The book takes a different approach once the trials are concluded. The final chapters focus on how the meanings of the massacre evolved over time. Hinderaker persuasively demonstrates that the event drew little attention outside of New England—or even Boston, for that matter—for quite some time. But it certainly became part of the city’s consciousness during the Revolution. Annual lectures commemorated March 5 for a decade, and speakers highlighted British tyranny and colonial innocence. But the event’s importance subsided after the conflict’s conclusion in 1783. From that point on it was a point of ambivalence. Highlighting it did indeed cement Boston’s role in the revolutionary struggle, but it also opened them up to accusations of lawlessness. This anxiety has persisted ever since, and has been present at every moment of resurgent memory.

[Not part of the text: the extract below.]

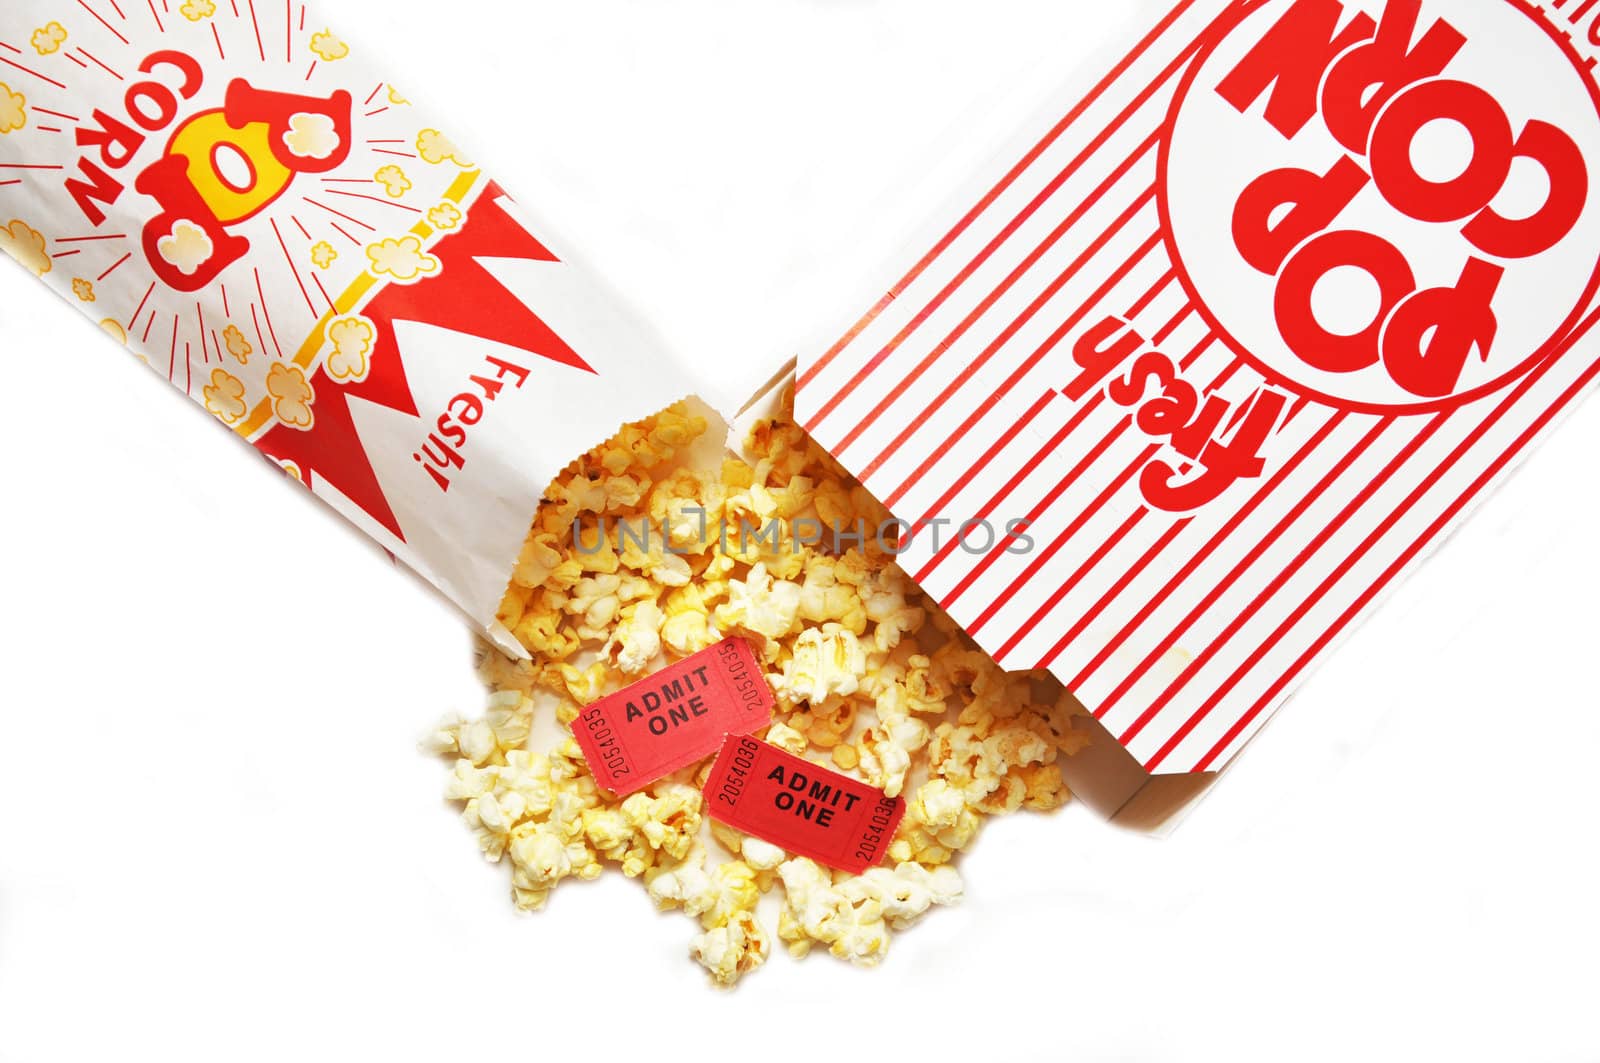 Popcorn and movie tickets.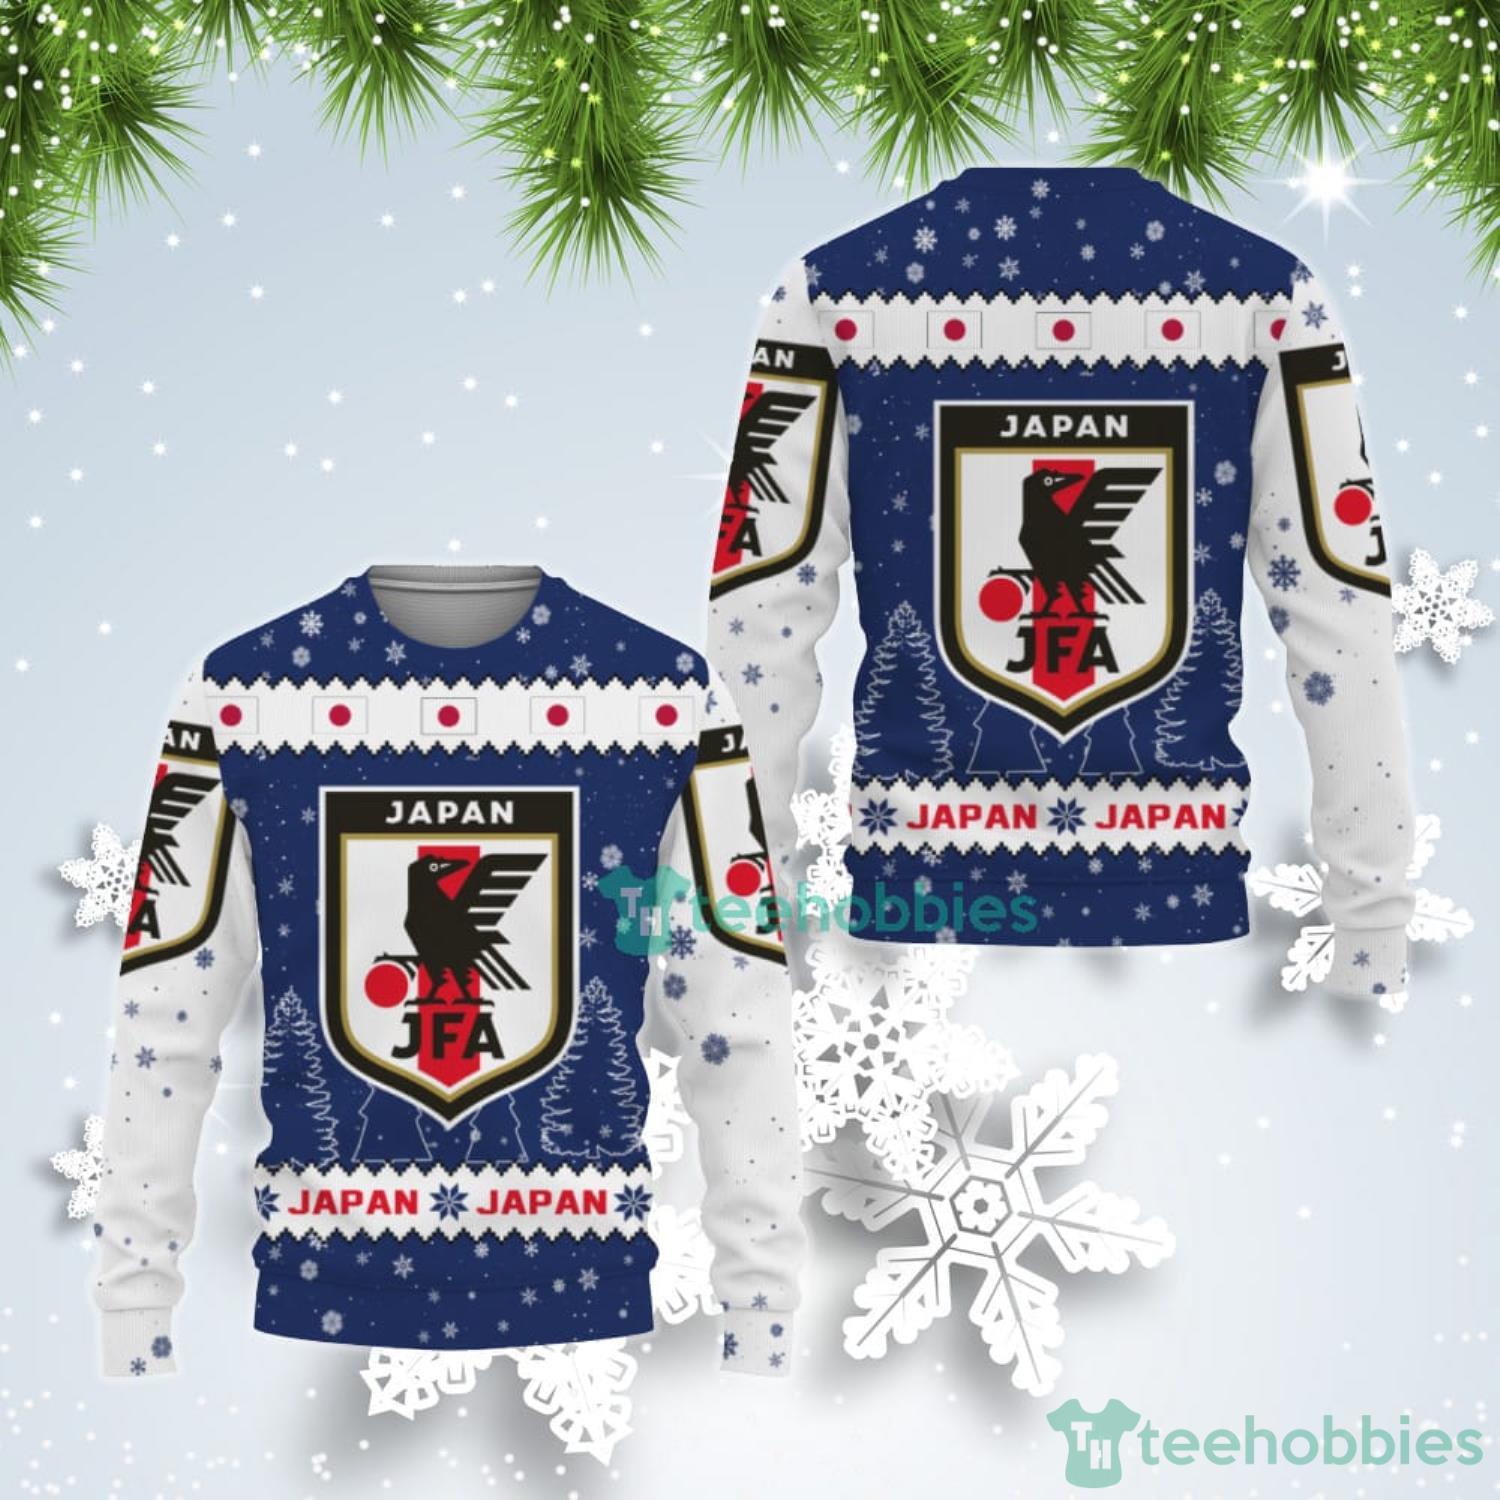 Japan National Soccer Team Qatar World Cup 2022 Winter Season Ugly Christmas Sweater Product Photo 1

But that did not keep different groups from appropriating the event as their own. Some were unexpected, like when abolitionists in the 1850s played up the role of Crispus Attucks as a martyr for America’s origins. (Remember: John Adams used Attucks as an unruly scapegoat to preserve Boston’s responsible character; that his words were later use to make Attucks a hero demonstrates the malleability of memory.) Then, in the twentieth century, when Americans worried about the rise of a military state, the massacre was once again dusted off and displayed. Memories of 1770 Boston resurfaced with debates ranging from the Kent State shootings in 1970 to Michael Brown in the Age of #BlackLivesMatter. I’m sure the story will still be used in similarly innovative and significant ways in the future.

As you can tell, Boston’s Massacre is a sprawling narrative. As a result, there are times when it didn’t seem to hold together, as the individual parts were more coherent than the whole. Since the chapters were thematic and danced around the event, rather than taking a strict chronological development toward and away from it, there were portions that seemed redundant. Particular chapters jumped forward and backward in ways that could appear confusing. The text sometimes reads better as a collection of essays. In a way, that kaleidascope structure reflects the massacre itself, as the angle through which one chooses to look largely determines the picture that you see. This is an excellent historical meditation on a crucial story—not to mention the historical craft. I look forward to assigning portions of it in class.